Fast forward three years and things get heavy, really heavy, for mild-mannered teacher Lance (Robin Williams) in World’s Greatest Dad (2009). His students disrespect him. His porn-addicted filthy-mouthed teenage son verbally abuses him.

All this changes the night Lance opens his kid’s bedroom door and discovers him dead from autoerotic asphyxiation. Riddled with shame, Lance tells everybody that his boy committed suicide. He writes a fake diary and publishes it. The book becomes a best seller. In no time he’s appearing on TV chat shows.

Rich and famous, popular and respected, Lance cashes in on some elephantine-sized lies before finally losing it, stripping off to swim naked in the school pool to the tune of Under Pressure. As you do.

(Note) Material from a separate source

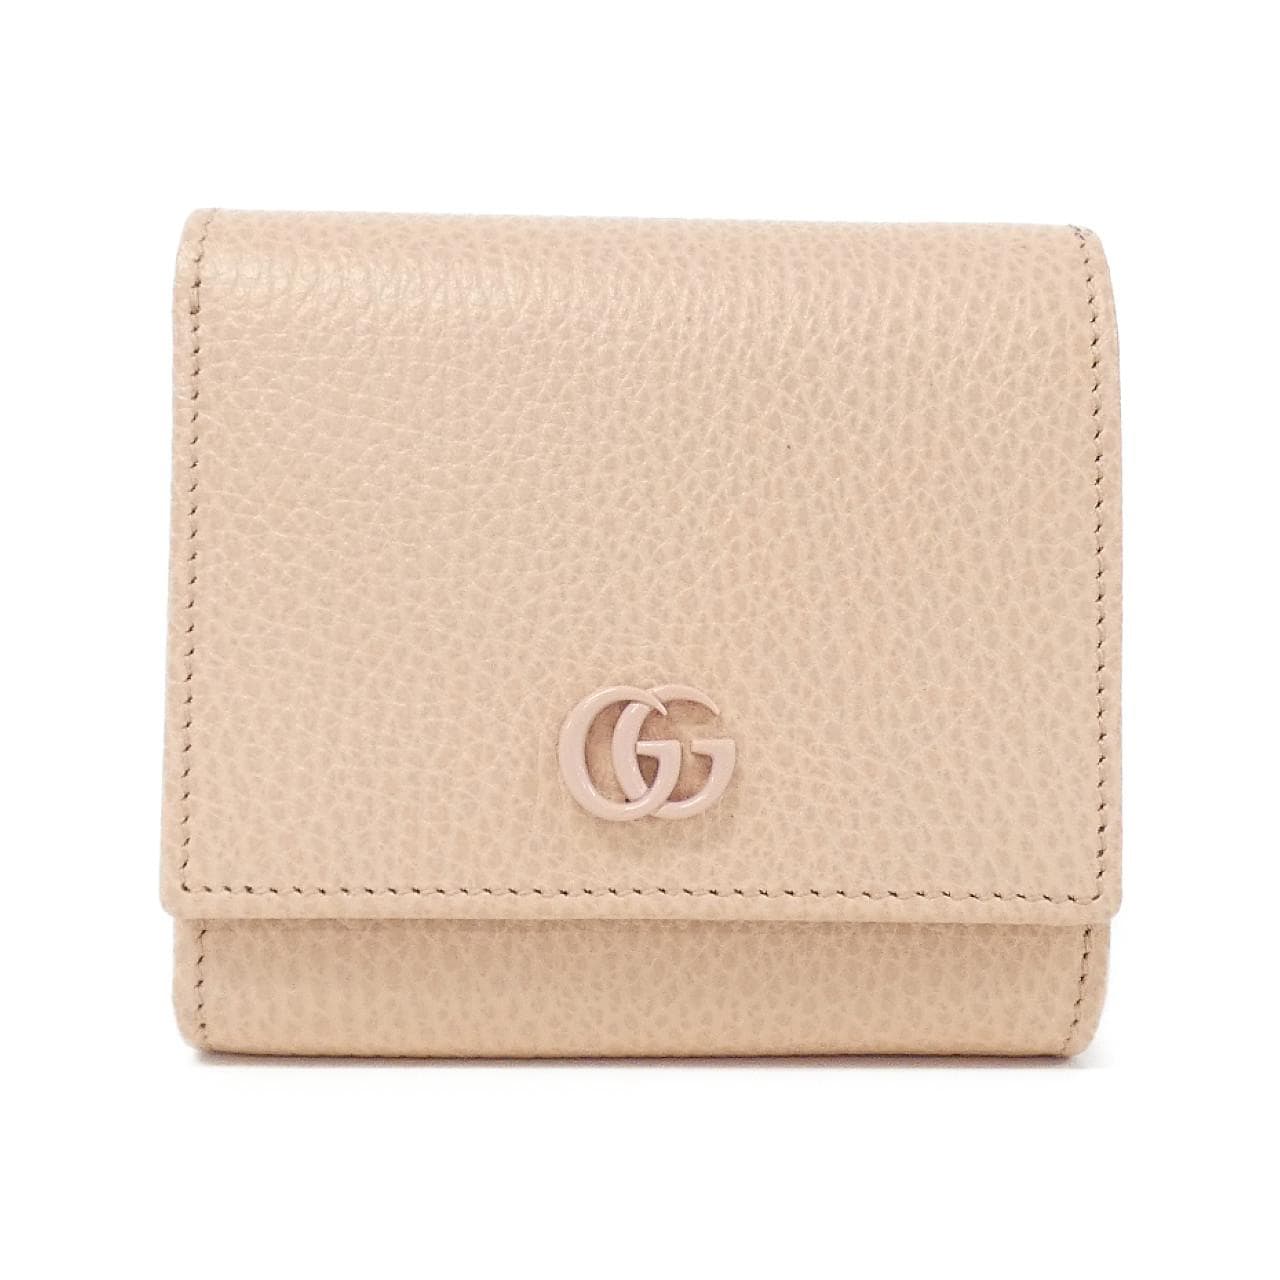 Gucci GG MARMONT 598587 17WEF Wallet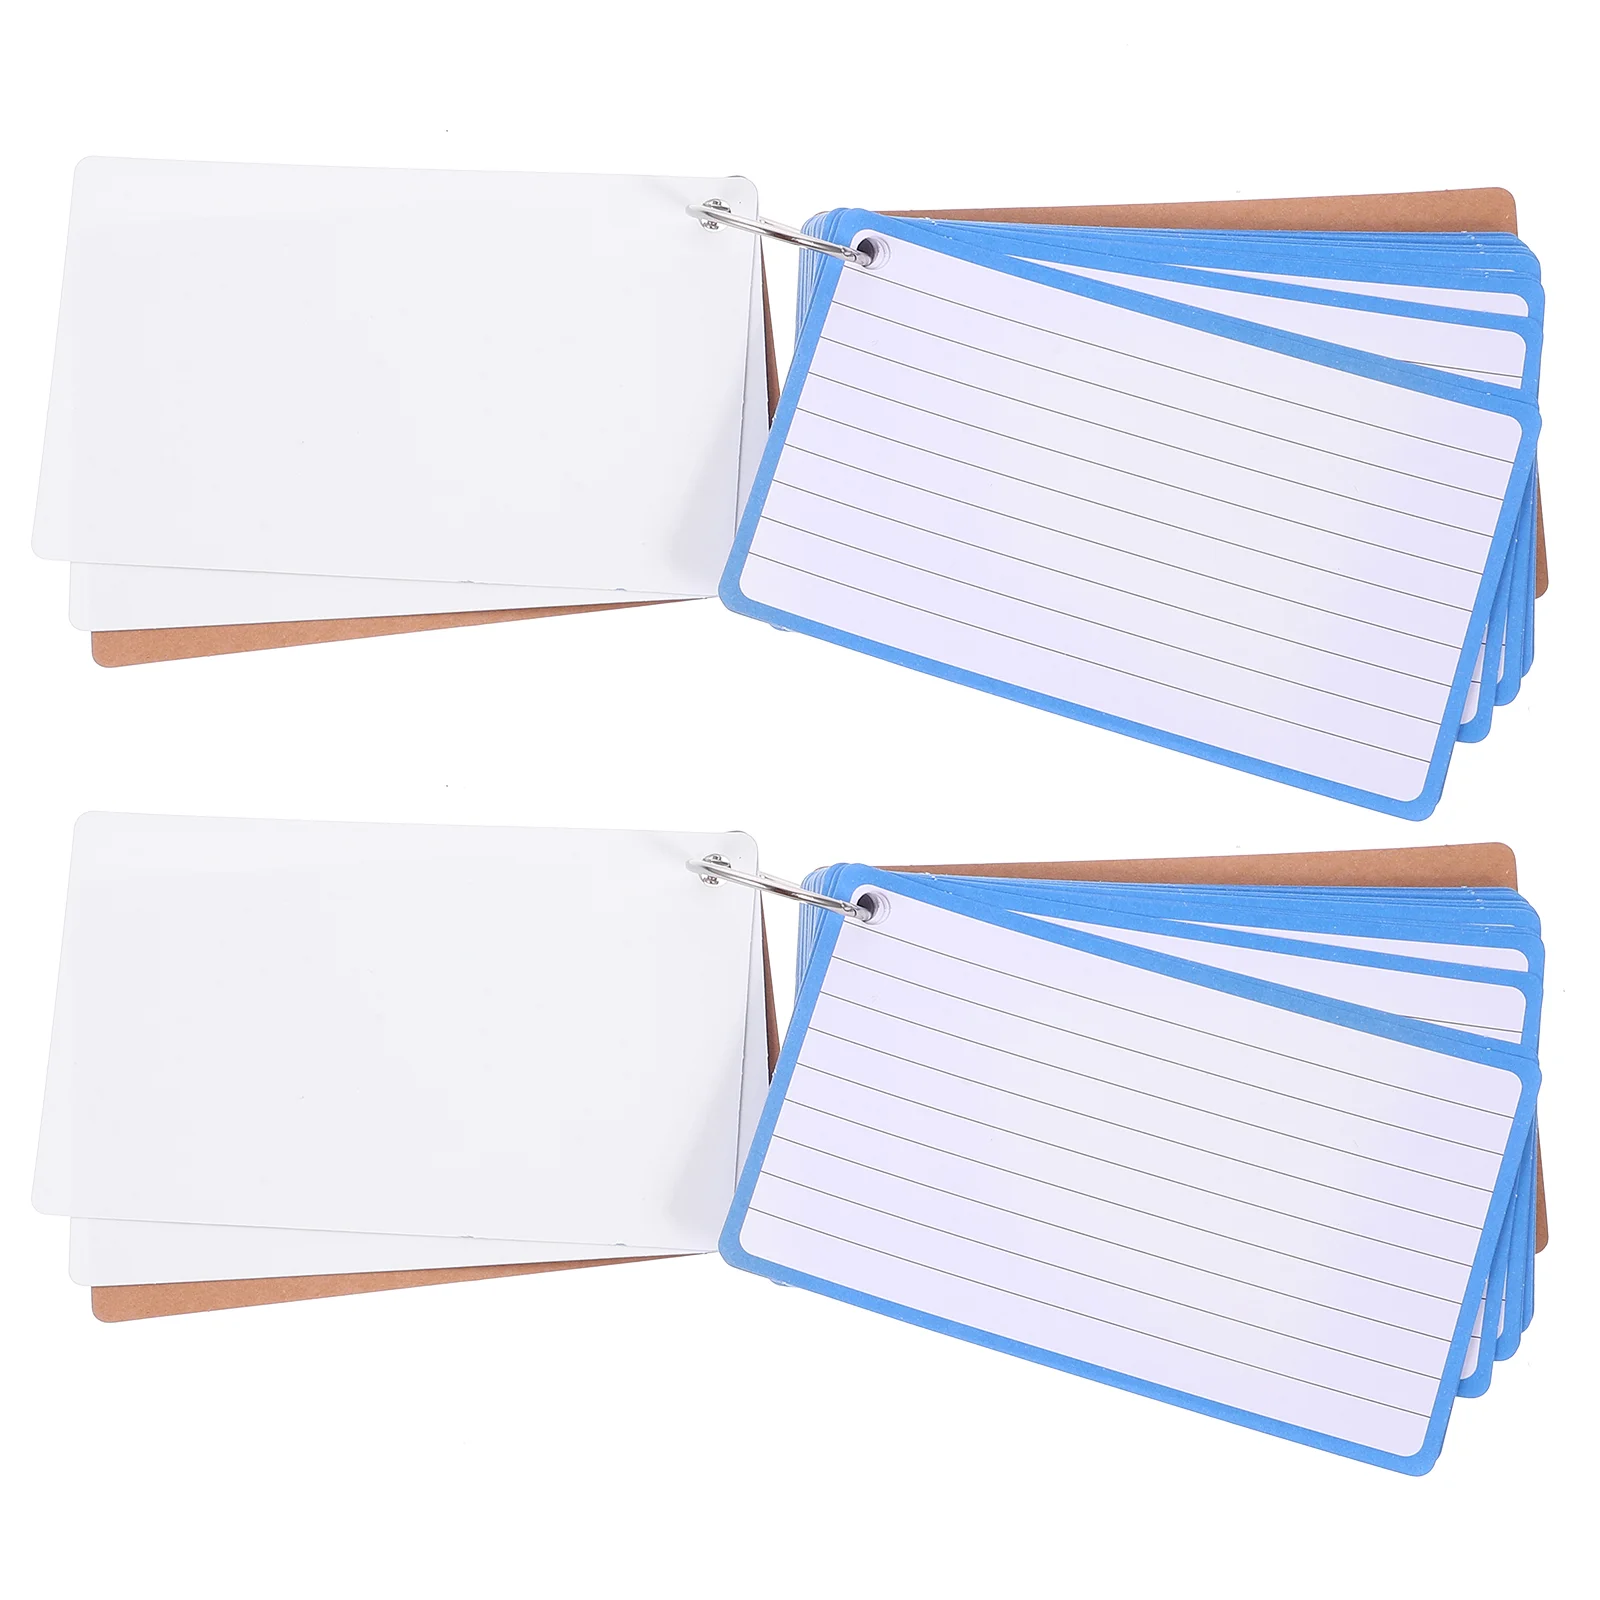 2 Books of Memo Blank Cards Index Cards Lined Cards Diy Graffiti Cards Colored Index Card 20sheet set postcard kraft paper card letter pad diy scarpbooking graffiti greeting cards cardboard student school supplies

In F (2010), a slasher film from British writer/director Johannes Roberts, protagonist Robert (David Schofield) drinks a bottle of vodka before class, gives his daughter detention just to see her and smacks her across the face when she mentions his ex-wife.

As the body count rises, the carve-up action almost entirely taking place inside the school, there is perhaps no greater reminder that cinema class as we used to know it may never be quite the same again.

This ignominious trend maintains as Hollywood continues to turn on its teachers. Putting some oestrogen in the gender balance, Cameron Diaz plays a reckless drunkard in the appropriately titled Bad Teacher (2011). She smokes, gobbles down fatty burgers, guzzles grog and carelessly marks assignments with the kind of attention traditionally given to changing a TV channel.

In Crazy, Stupid, Love (2011) a lost-at-sea character played by Steve Carrell fools around with his son’s teacher, a reformed alcoholic played by Marisa Tormei. She’s off the plonk but she’s explosive, anger-prone and emotionally, shall we say, volatile.

What’s happened to cinema’s teachers? What dark forces have soiled the souls of a once reputable collective of inspiration-makers? Is Mr. Holland now lingering in a subterranean hide-out, banging organ keys like the phantom of the opera, trying to block out memories of rosier times?

Post 9/11 scepticism, post-Columbine fear and a gradual erosion of trust in our figureheads and institutions have no doubt played some influence. But the curriculum is still changing. Films as devastatingly grim as We Need to Talk About Kevin (2011) are more about evil students than immoral teachers, but perhaps it’s just a matter of time before the two roles combine.

Perhaps Mr. Holland will one day be back, compassionless and cantankerous, lock and loading, armed for a new generation of adolescent riffraff. Perhaps he will be merciless. Perhaps, then, the circle will be complete.